Sometimes it's about understanding what you do and don't know, and recognizing that maybe the situation was (or wasn't) as dire as you thought. Think through it, write it down, and put it in a drawer. Come back to it in a few months. Your view may change on what you did, but it's good to know why you felt that way. As you continue to experience more in nursing, judgement calls and advocating for your patient will be easier.

Hope that helps!

Thank you for the useful feedback. I've seen things change a lot over the many years I have been in nursing, and you are spot-on that an organized, articulate presentation can open closed ears. Any other specifics jump out at anyone (regarding what it takes to overcome a unit culture that dissuades calling codes etc.)? In the specific event that led to this post, it was fortunate that after some push back, I was able to make myself heard, or the patient would have expired that night, within the hour. No question. I'm working on sussing out specific things in presentation that can lead to getting some one a needed intervention faster. As you have noted, with experience we come to know things instinctively. What I'm looking for is moving that instinctive knowledge into specific suggestions. Organization, articulateness, knowing the background answers that you'll need - these are all exactly the kind of specifics I'm looking to have contributed here. Thanks. Any others come to mind?

Specializes in Nursing Supervisor.

I actually called a code before the pt coded...

I was talking with a pt and they seemed to suddenly act strange, my charge nurse happened to be walking by in the hall, and I asked her to call an RRT for me (rapid response team), (I didn't know what was going on but I knew it was bad!).

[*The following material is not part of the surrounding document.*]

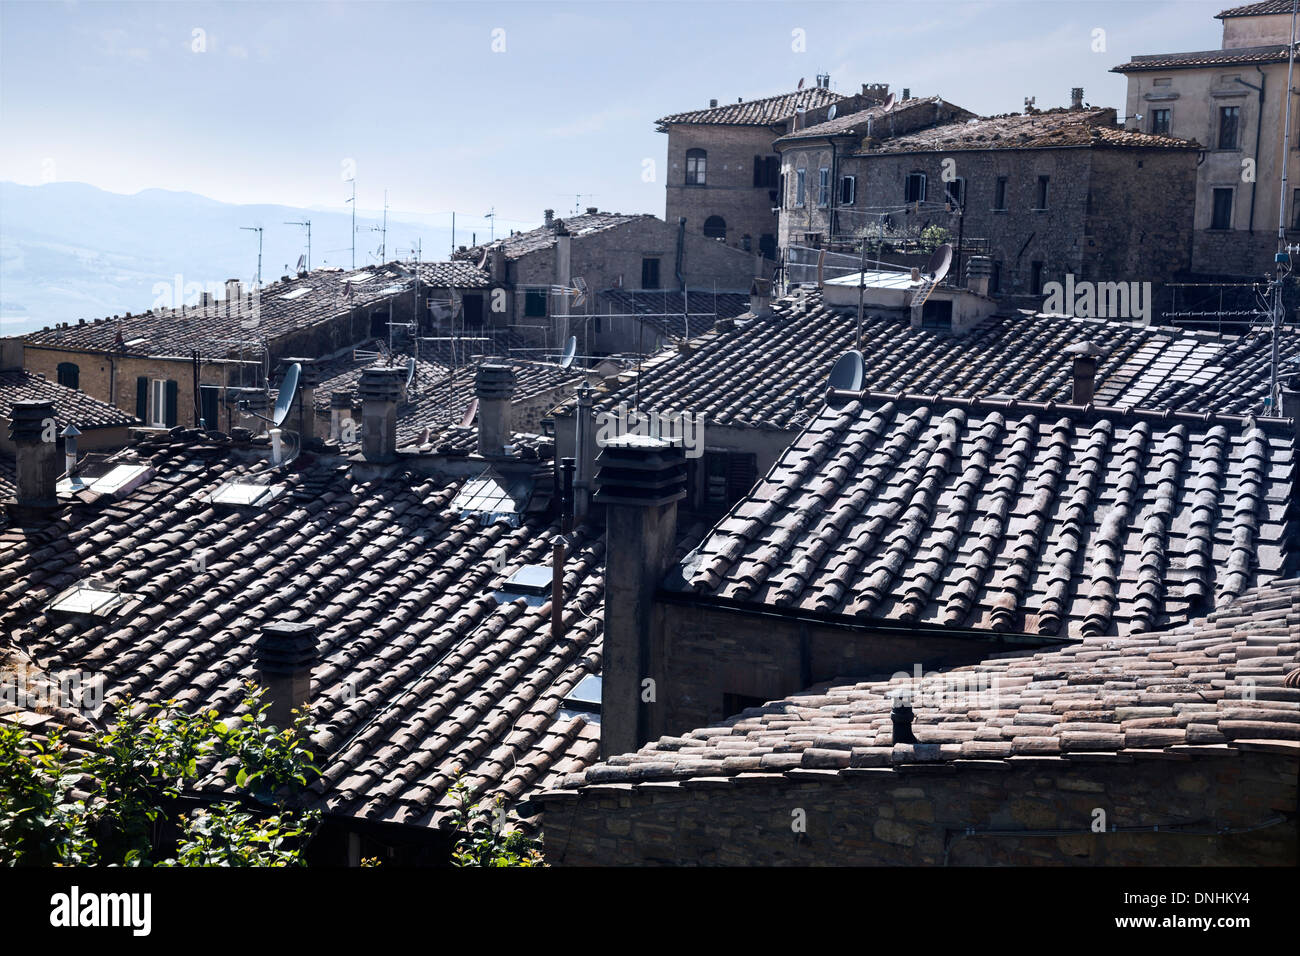 Angolo di alta vista di case in una città vecchia, Volterra, in provincia di Pisa, Toscana, Italia Foto Stock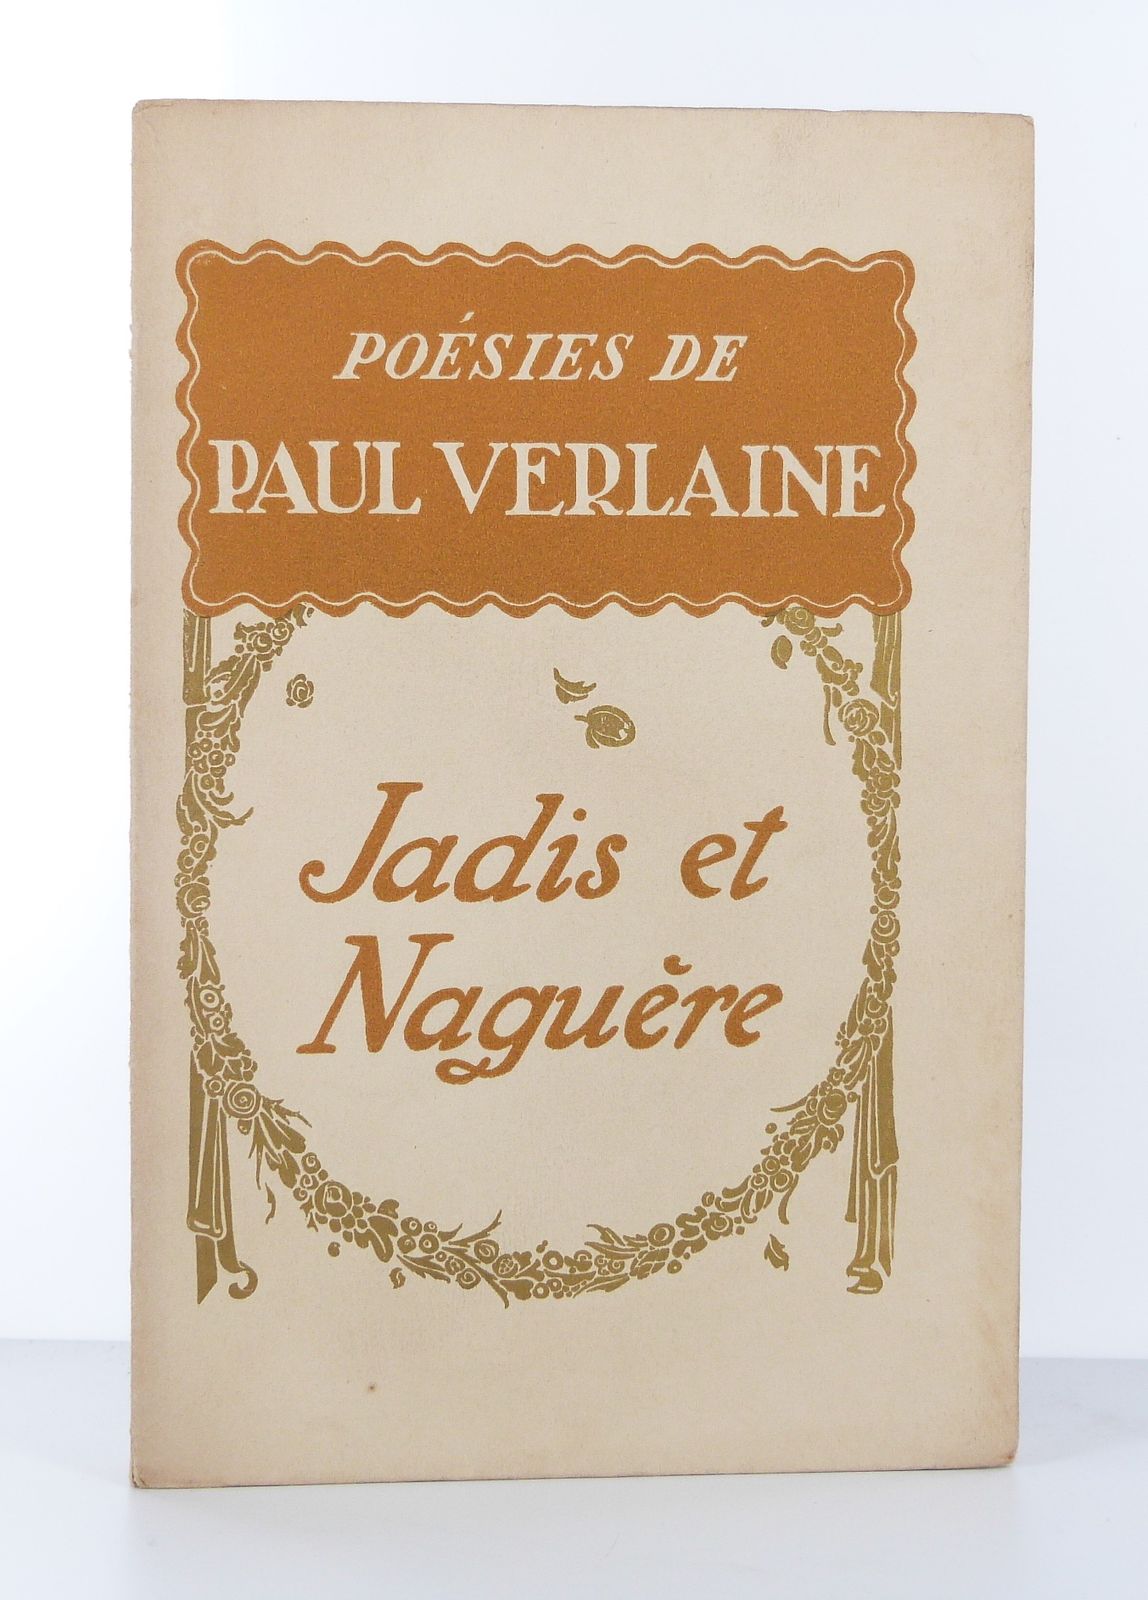 Poésies de Paul Verlaine. Jadis et naguère.

I turned to the pt and said "nevermind... I think he's gonna code!" and pushed the code button. The code team arrived and the pt was still sitting on the side of the bed, (with me standing by wide-eyed!) the first couple to arrive asked why I called a code blue, and within a second the pt turned grey and fell backwards in bed!

Long story short, it was a real code, I have no idea how I knew (I was still pretty new), and he didn't make it. We called his mother to come in and she didn't seem shocked at all. Very calm and matter of fact. I asked her if she was really OK and she said "I knew it was coming, he called me tonight and told me 'bye' and that he loved me very much, but that he knew he was going to die tonight"!!

:wideyed::wideyed: Anyway, trust your gut. If you know something is wrong but you don't know what, ask for help! Our hospital has a rapid response team, who we can call for help, another set of eyes, and just when you know something is wrong but can't put a finger on it!!